Embedding services can expose raw user data to external models, making in‑transit data governance a real, immediate threat.
Why in-transit data governance matters for embeddings
Embeddings turn text, images, or code into high‑dimensional vectors. The input payload often contains personally identifiable information (PII), trade secrets, or regulated content. Once that payload leaves the originating system, the organization loses visibility into who saw it, when it was sent, and whether it was altered. In‑transit data governance is the set of policies and controls that protect data while it travels over the network, ensuring that sensitive fields are masked, that each request is authorized, and that an immutable audit trail is created.
Typical deployments send data directly from an application to a cloud‑hosted embedding endpoint. The connection uses a static API key or service account credential that is baked into code or configuration files. This approach has three glaring gaps:
- No real‑time masking: PII travels in clear text to the provider.
- No request‑level approval: Any developer or automated job can fire off unlimited queries.
- No audit of what was sent or received: Logs are often limited to generic HTTP status codes, making forensic analysis difficult.
What the precondition fixes – and what it still leaves open
Introducing a strict identity provider and short‑lived tokens solves the credential‑sprawl problem. Engineers now authenticate via OIDC, and the service only accepts tokens issued for a specific role. This step ensures that the request originates from a known identity, satisfying the “who” part of the equation.
However, the request still travels directly to the embedding service. The data path remains uncontrolled: there is no place to inspect the payload, strip sensitive fields, or require an approver before a high‑risk query is sent. In‑transit data governance is still missing because the enforcement point is absent.

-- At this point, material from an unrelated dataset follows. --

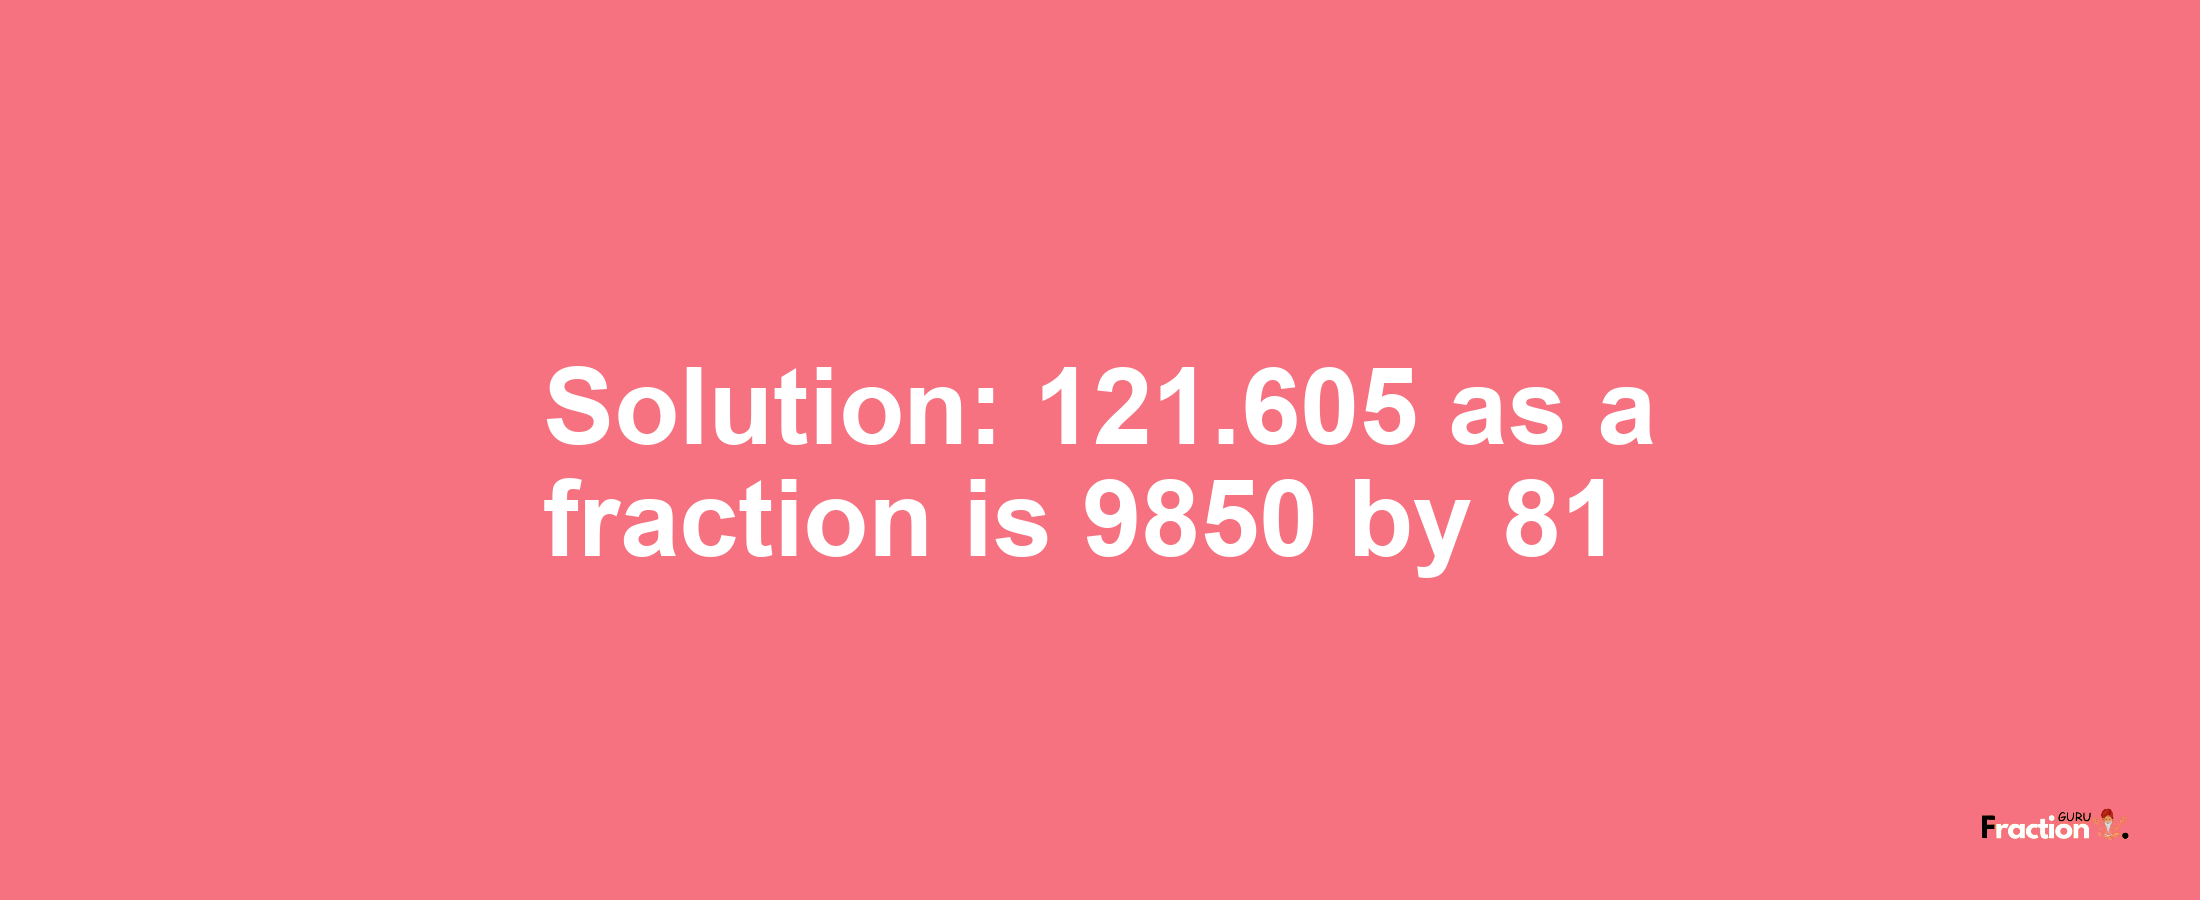 Solution:121.605 as a fraction is 9850/81

hoop.dev as the data‑path enforcement layer
hoop.dev provides the missing layer by acting as an identity‑aware proxy that sits between the client and the embedding endpoint. The gateway intercepts every HTTP request, parses the JSON body, and can apply the following enforcement outcomes:
- Inline masking: hoop.dev removes or redacts PII from the request before it reaches the external model.
- Just‑in‑time approval: If a query contains a high‑risk pattern, the gateway routes it to a human approver instead of sending it automatically.
- Session recording: Each request and response is logged with the originating identity, creating a complete audit trail for compliance checks.
- Command blocking: The gateway can reject requests that exceed defined rate limits or contain disallowed content.
Because hoop.dev is the only point where traffic passes, these controls are guaranteed to be applied. The underlying identity system (OIDC/SAML) still decides who can start a session, but hoop.dev enforces the policy on the data path, ensuring that in‑transit data governance is truly enforced.